We confirmed that chaostest-instance-1 is the writer and chaostest-instance-1-us-east-1a is the reader.
Step 9: Run the AWS FIS experiment.
Now we’ll run the FIS experiment. Select Actions, and then select Start for the experiment template.
Select Start experiment and you’ll get another warning to confirm if you really want to start this experiment. Confirm by entering start say Start experiment.
Step 10: Observe the various stages of the experiment.
The experiment will be in initiating, running and will eventually be in completed states.
Step 11: Verify the Aurora Cluster to confirm failover.
Now let’s look at the chaostest Aurora PostgreSQL cluster to check the state. Note that a failover was indeed triggered by FIS and chaostest-instance-1-us-east-1a is the newly promoted writer and chaostest-instance-1 is the reader now.
Step 12: Verify the Aurora Cluster logs.
We can also confirm the failover action by looking at the Logs and events section of the Aurora Cluster.
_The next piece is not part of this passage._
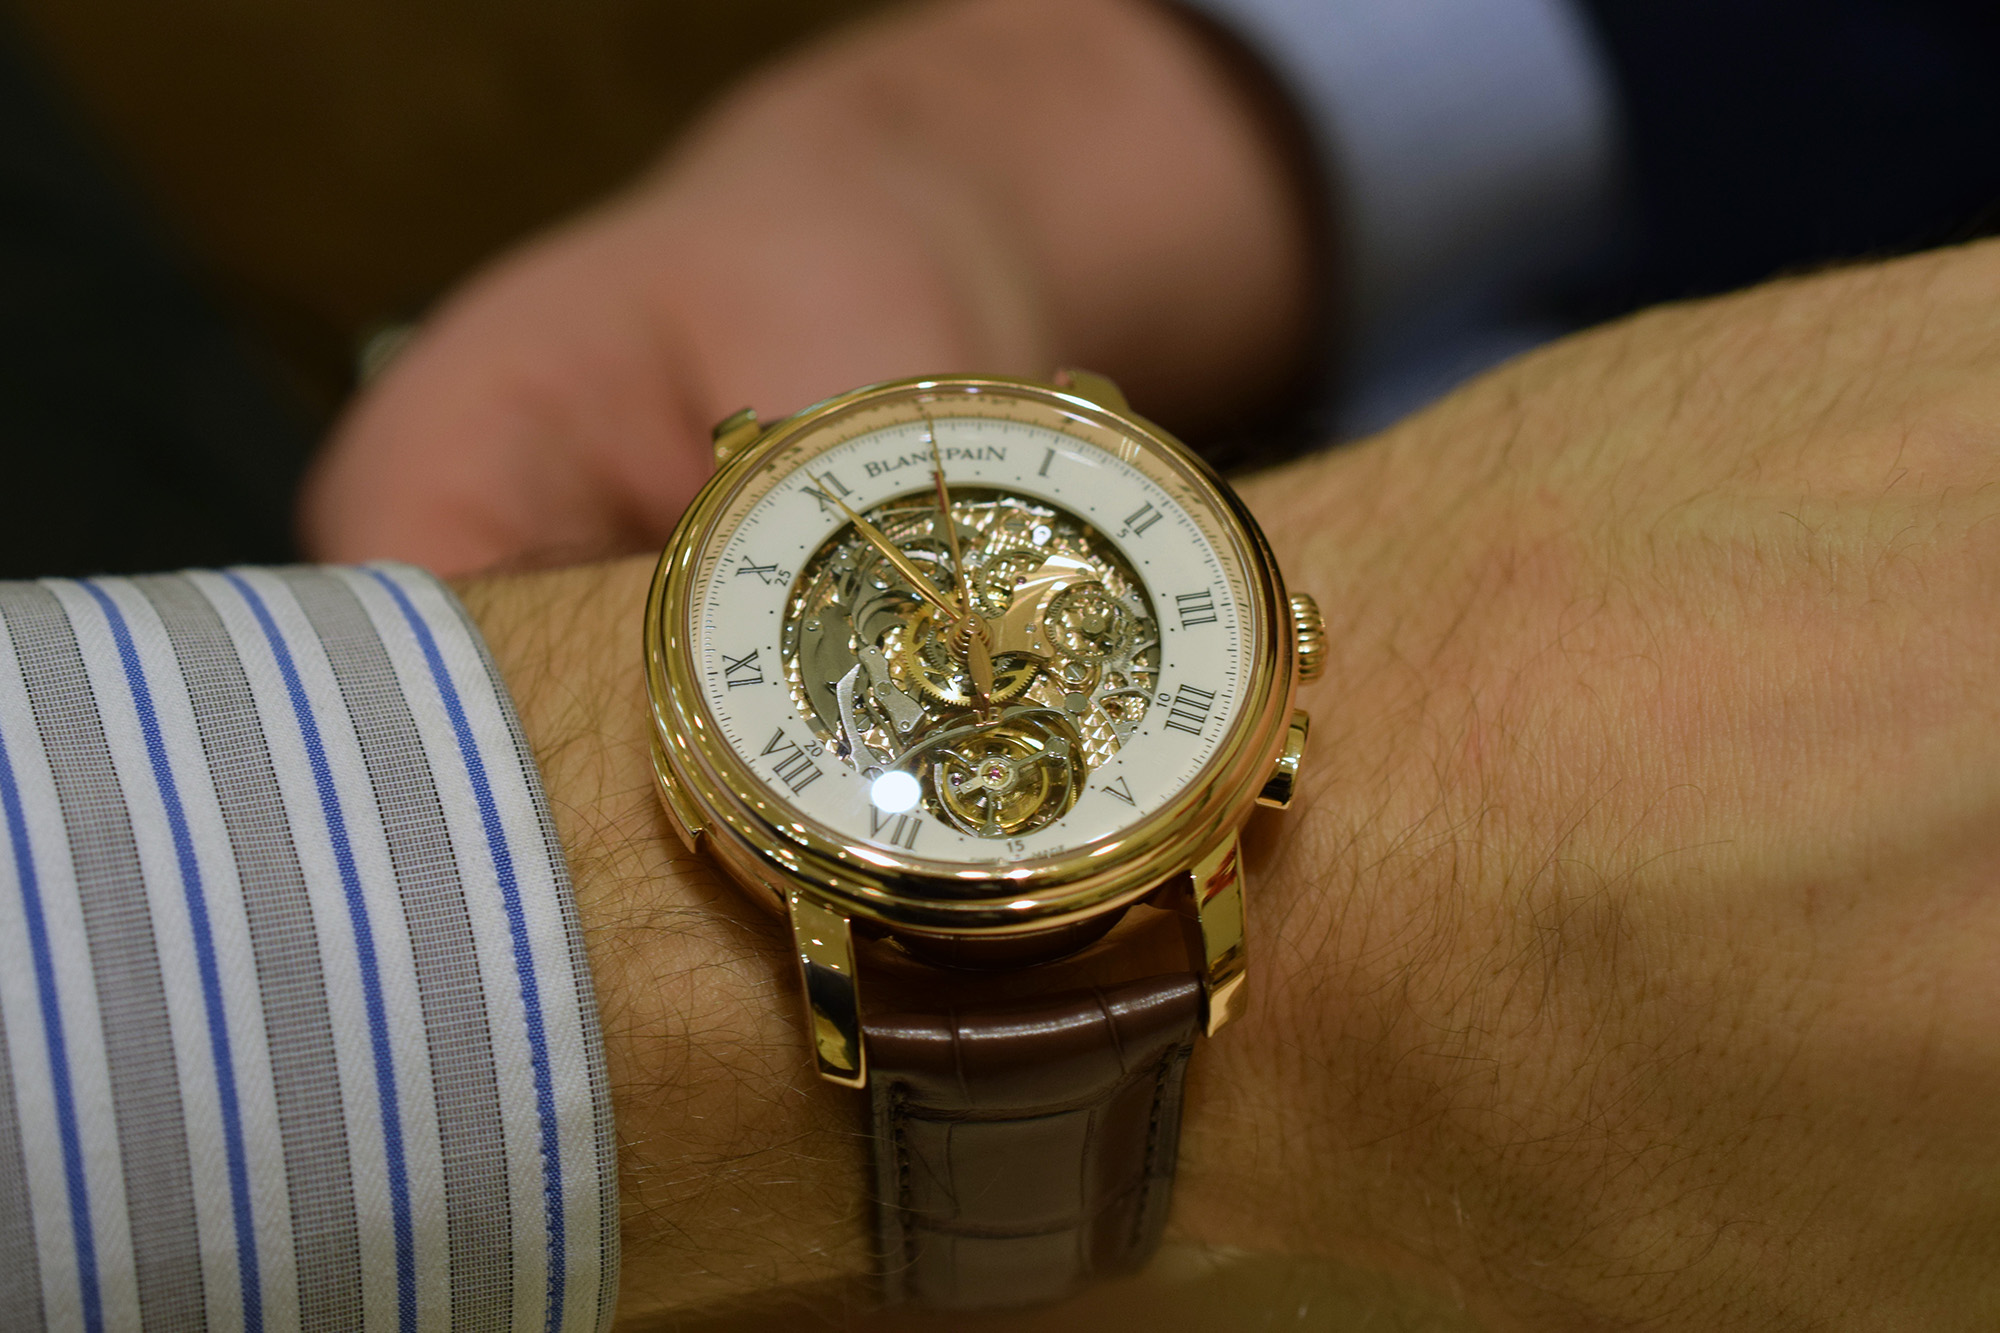 Blancpain Carrousel Répétition Minutes Chronographe Flyback - Wristshot

If you created a new Aurora PostgreSQL cluster for this walkthrough, then you can terminate the cluster to optimize the costs by following the steps in the Deleting an Aurora DB cluster documentation.
You can also delete the AWS FIS experiment template by following the steps in the Delete an experiment template documentation.
You can refer to the AWS FIS documentation to learn more about the service. If you want to know more about chaos engineering, check out the AWS re:Invent session Testing resiliency using chaos engineering and The Chaos Engineering Collection. Finally, check out the FIS Workshop for a deeper dive into using FIS, this GitHub repo for additional example experiments, and how you can work with AWS FIS using the AWS Cloud Development Kit (AWS CDK).
In this walkthrough, you learned how you can leverage AWS FIS to inject failures into your RDS Instances. To get started with AWS Fault Injection Service for Amazon RDS, refer to the service documentation.